The message is hidden in plain sight.

In digital steganography we can hide text inside an image in a way that doesn’t distort the image too much. The distortion is barley visible to the eye. Try to spot the difference between the two images shown below.

1 2

Image 2 has the English version of the Kenyan national anthem hidden inside it. The difference is barley visible.

How does an image store it’s data

To implement this you’ll need to understand how image data is stored. An image is composed of pixels. Each pixel has red, green, blue and alpha(transparency) values that determine the color of the pixel . When the pixels are combined they form an image.

The red, green, blue and alpha values range between 0-255. Using RGBA notation, a red pixel will be represented as (255, 0, 0, 255) and a blue pixel as (0, 0, 255, 255).

Say we have two pixels, yellow (255, 255, 0, 255) and pink (255, 192, 203, 255). If we modify were to modify the last two bits of the binary representation of each color we would get a slightly different shade of yellow and pink.
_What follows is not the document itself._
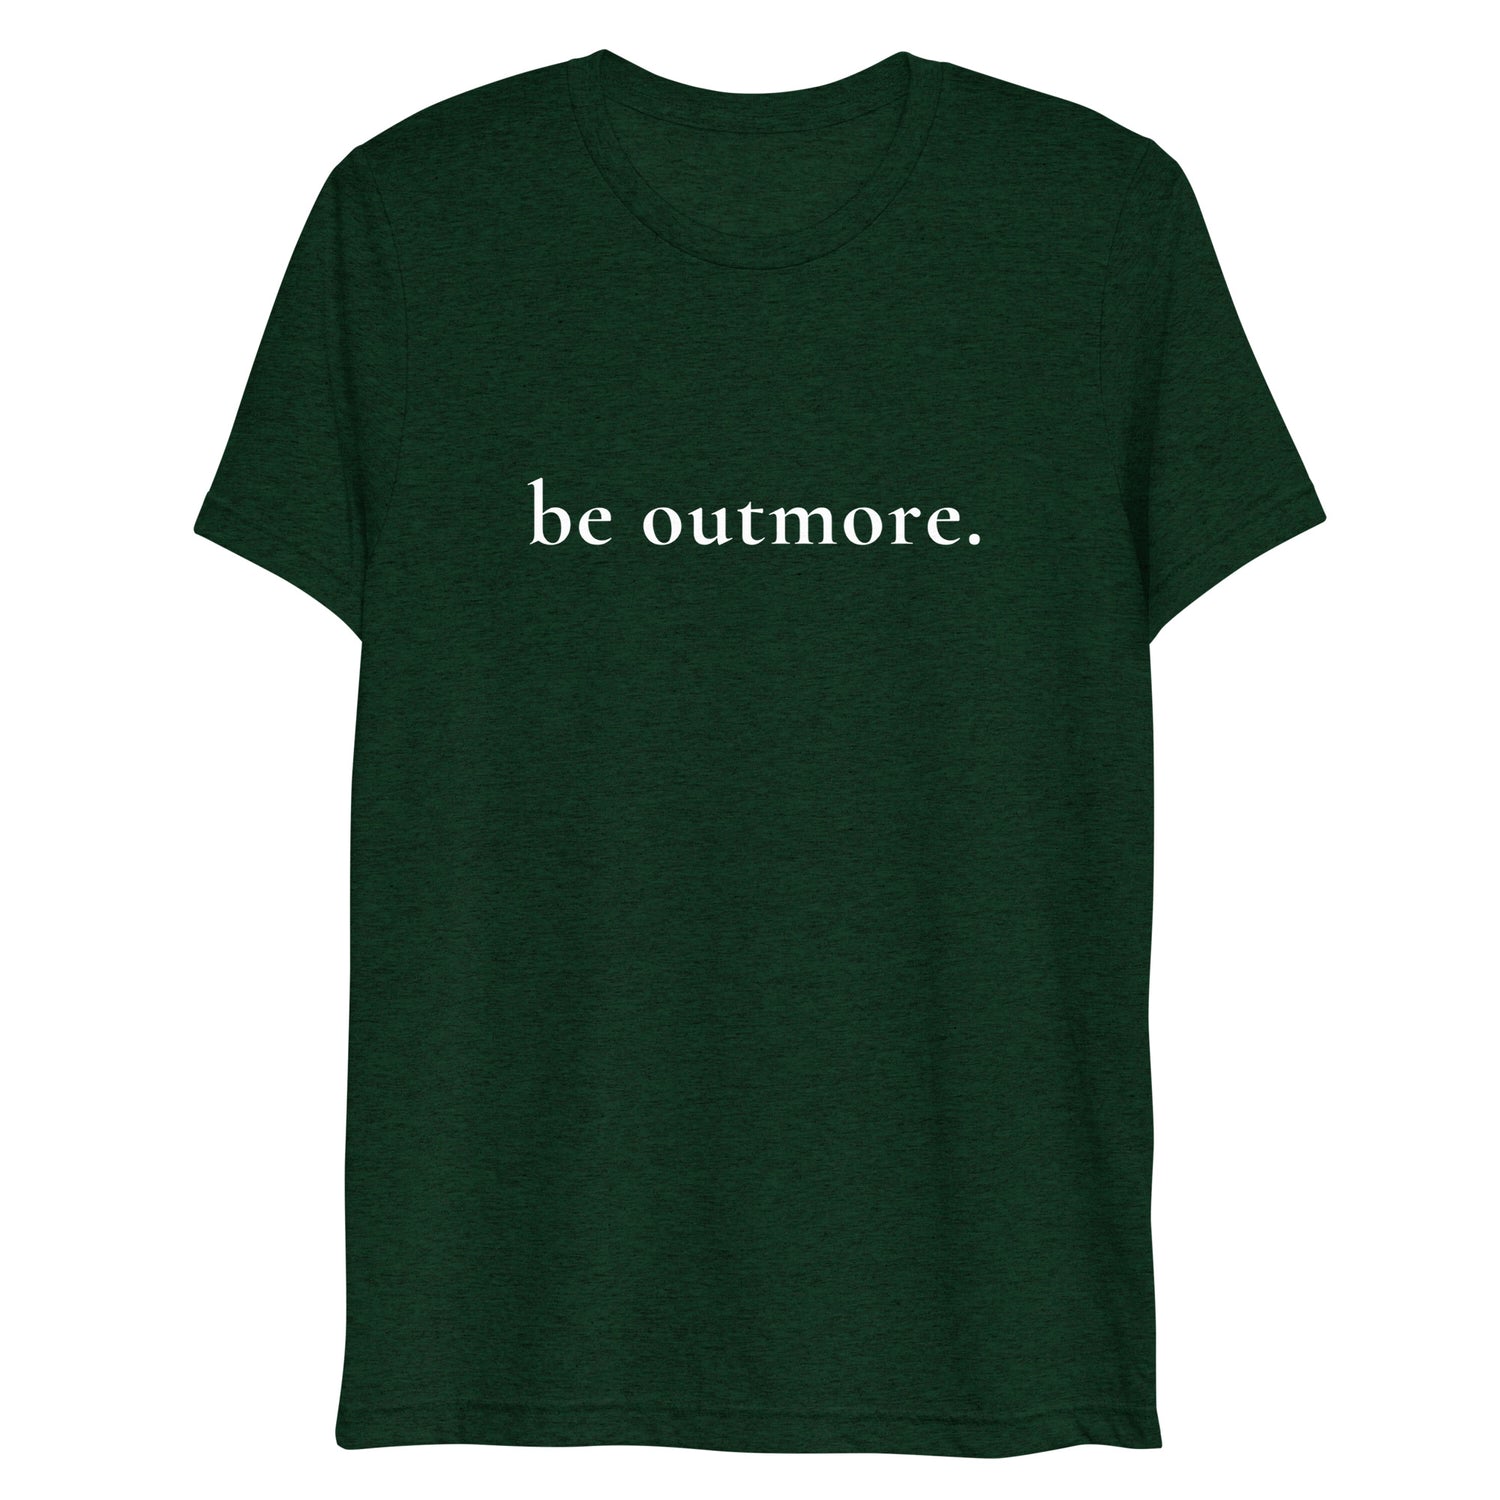 be outmore. T-Shirt

The new shades would be yellow (255, 255, 0, 255) and pink (255, 192, 203, 255).

The table below shows it visually, yellow, modified yellow, pink, modified pink respectively.

Pixel Colors
media/pink_pixel.svg media/pink_pixel.svg
R - 11111111 (255) R - 11111100 (252)
G - 11111111 (255) G - 11111100 (252)
B - 00000000 (0) B - 00000011 (3)
A - 11111111 (255) A - 11111100 (252)
media/pink_pixel.svg media/pink_pixel.svg
R - 11111111 (255) R -11111100 (252)
G - 11000000 (192) G - 11000011 (195)
B - 11001011 (203) B - 11001000 (200)
A - 11111111 (255) A - 11111100 (252)

From this information we can see clearly that altering the 2 least significant bits of the image changes the colors but the change is not that visible to the human eye.
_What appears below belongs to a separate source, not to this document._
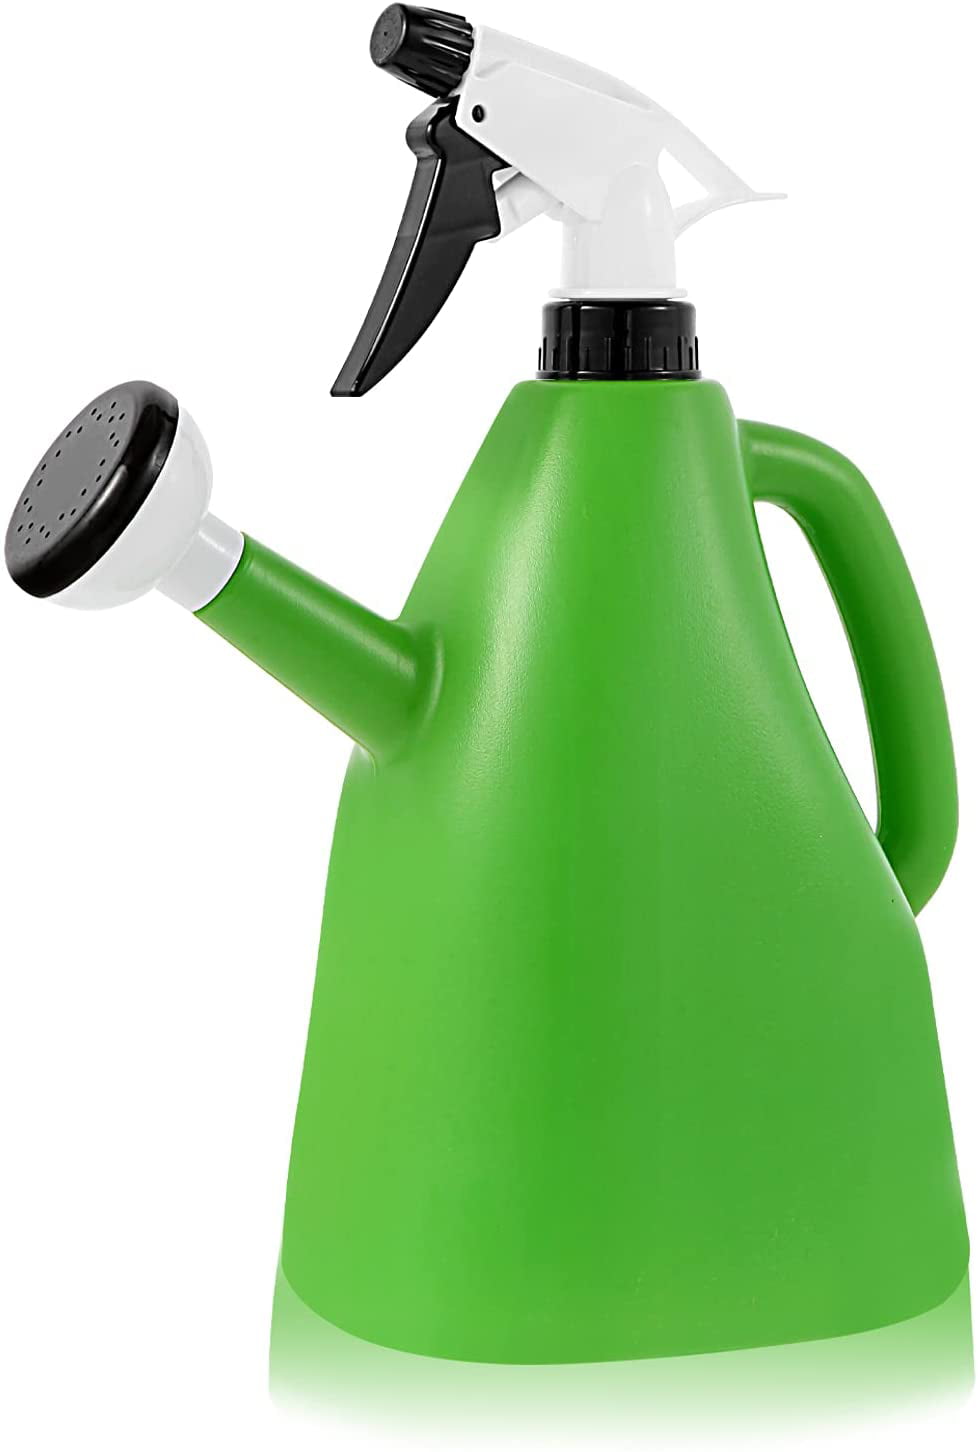 New Plastic Watering Can Plants Water Sprayer Garden Outdoor Easy Pouring

This is the technique that we will use to hide our data. For each pixel we can store 8 bits of information, which is equivalent to 1 byte. Therefore we can encode any of the characters of the ascii table, (0 - 255) in a pixel.

Example

Lets encode the text Hi! in the 2x2 image below. The annotations are not part of the image(a pixel can only be one color).
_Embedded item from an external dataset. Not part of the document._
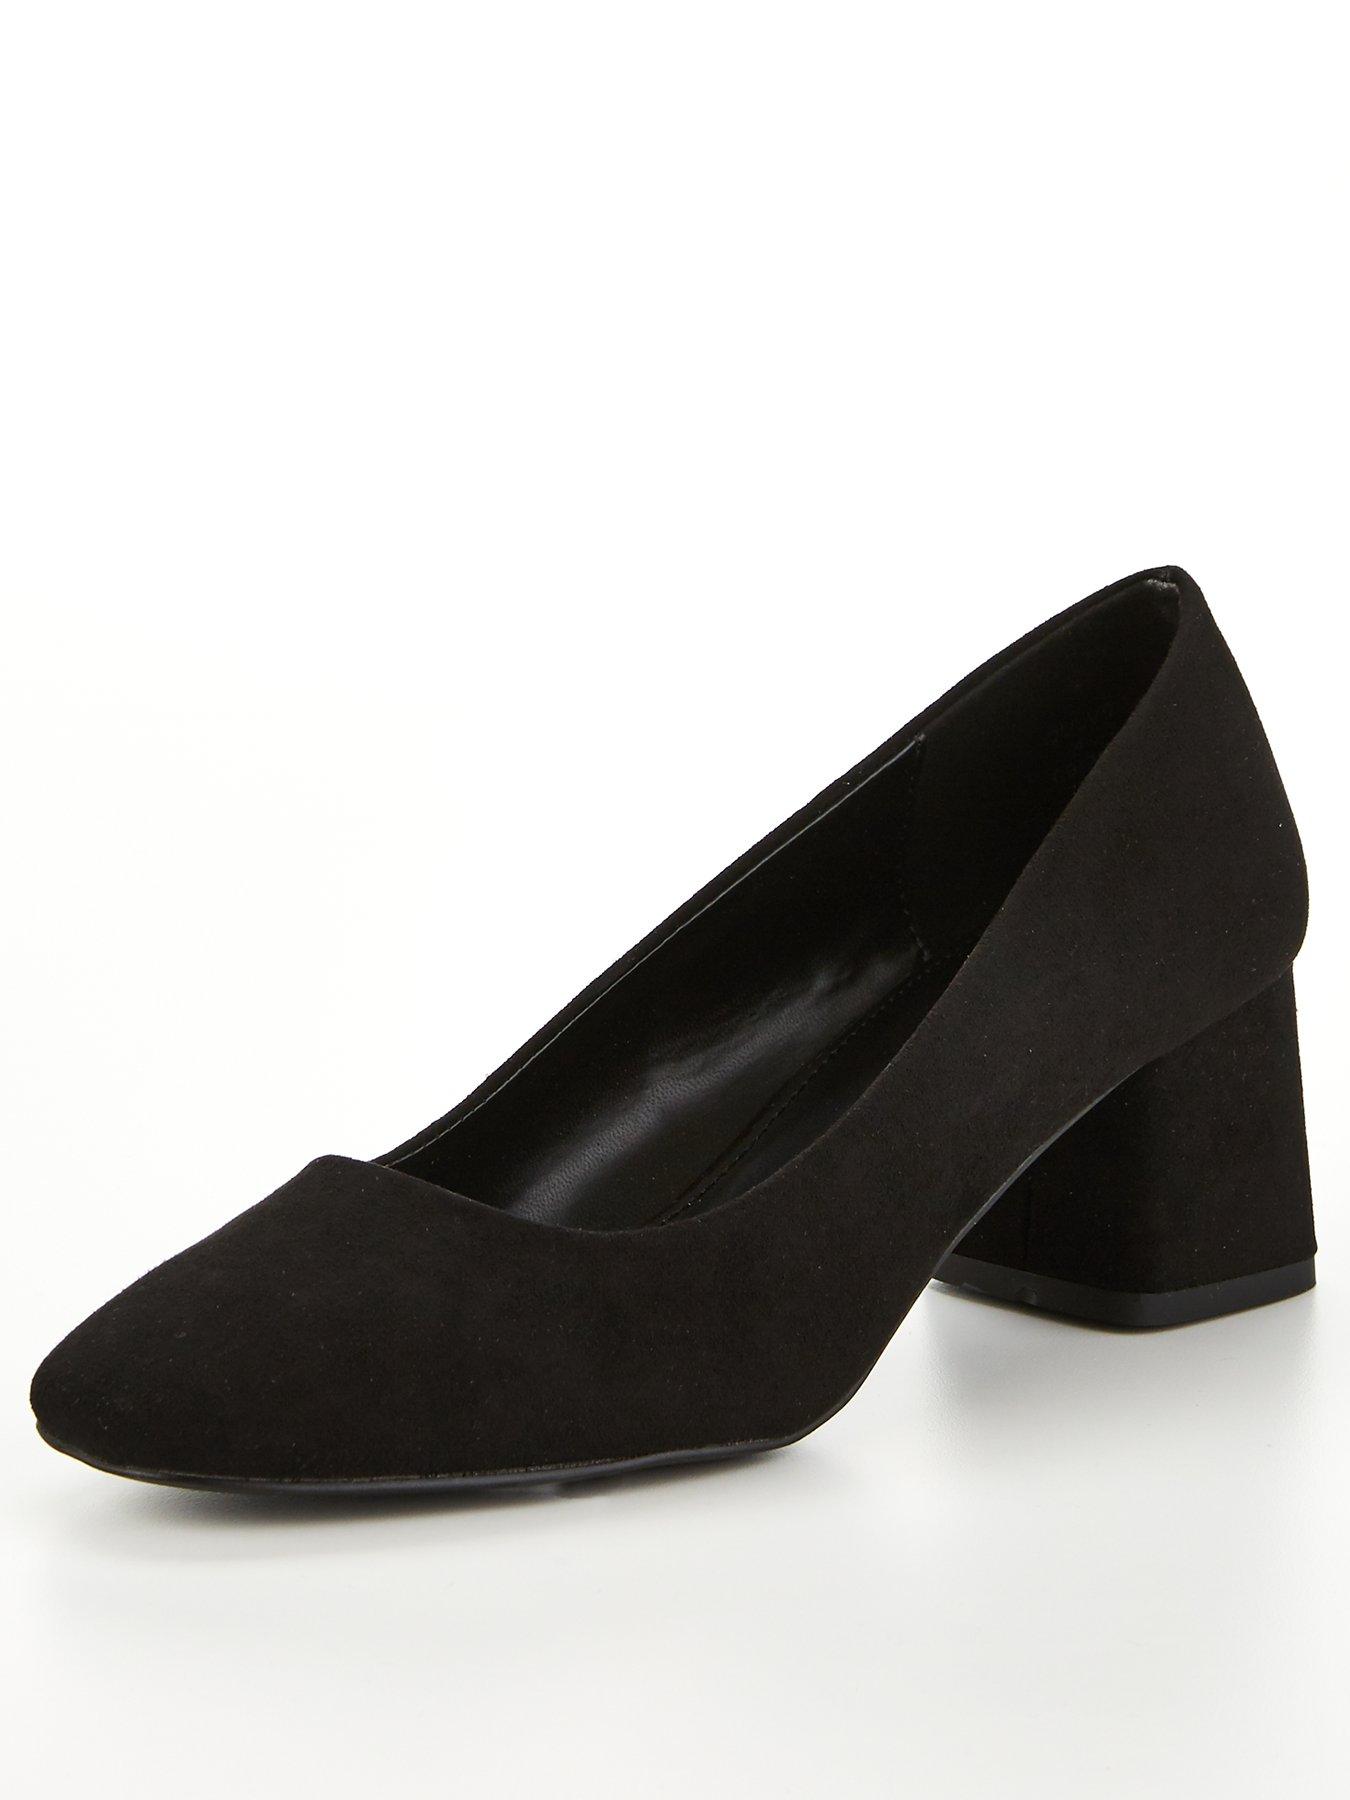 V by Very Wide Fit Square Toe Low Block Court Shoe - Black

First step is to get the binary representation of the text,

Character Ascii code (decimal) binary
H 72 01001000
i 105 01101001
! 33 00100010

The rgba values of the first pixel are (0, 126, 160, 255) respectively. We’ll encode H to this pixel in the following order, ARGB, as shown in the illustration below

i and ! will be encoded to pixel 1 and 2 respectively. For pixel 3 we can encode a character that will tell the decoder that that is the last character. For my program I went with the null terminator \0 which is just a 0 (00000000).

Implementation

You can find the source code here.

The program has three main sections,

  1. read_bitmap function
  2. enc_char function
  3. dec_char function

And two main structs pixel struct and the bitmap struct.

typedef struct pixel
{
	unsigned char b, g, r, a;
} pixel_t;

typedef struct bitmap
{
	unsigned int offset;
	unsigned int depth;
	unsigned int file_size;
	unsigned int width, height;
	pixel_t * pixels;
} bitmap_t;

Read bitmap

Every bitmap should start with a 14 byte header that stores information about the file. The first two characters of the header should be Band M, we need to check this to ensure that we are indeed reading a valid bitmap file. fread will read 2 bytes each of size 1 from the file pointer and store the characters in header_field.

// BM Header
char header_field [2];
fread(&header_field, 1, 2, file);

if(header_field[0] != 'B' && header_field[1] != 'M')
    return NULL;

Next to the “BM” is the size of the file, which is a 4 byte integer. So we read 4 bytes from the file.

unsigned int file_size;
fread(&file_size, sizeof(unsigned int), 1, file);
bmp->file_size = file_size;

At the 10th byte we have the offset, a 4 byte integer that stores the starting address of the pixel information.

// Offset
unsigned int offset;
fseek(file, 10, SEEK_SET);
fread(&offset, sizeof(unsigned int), 1, file);
bmp->offset = offset;

After the first header is the DIB header info, which has information about the image. The first 4 bytes store the size of this header. The next 8 store the width and the height, each of size 4 bytes. The next 2 bytes store the number of color planes followed by 2 bytes which store the depth of a pixel, number of bits per pixel.

// DIB header info
unsigned int h_size;
fread(&h_size, sizeof(unsigned int), 1, file);

// Width and hieght
unsigned int width, height;
unsigned short planes, depth;
fread(&width, 4, 1, file);
fread(&height, 4, 1, file);
fread(&planes, 2, 1, file);
fread(&depth, 2, 1, file);

The next parts of the header are not really used by the program so we’ll just jump to the pixel array offset using fseek.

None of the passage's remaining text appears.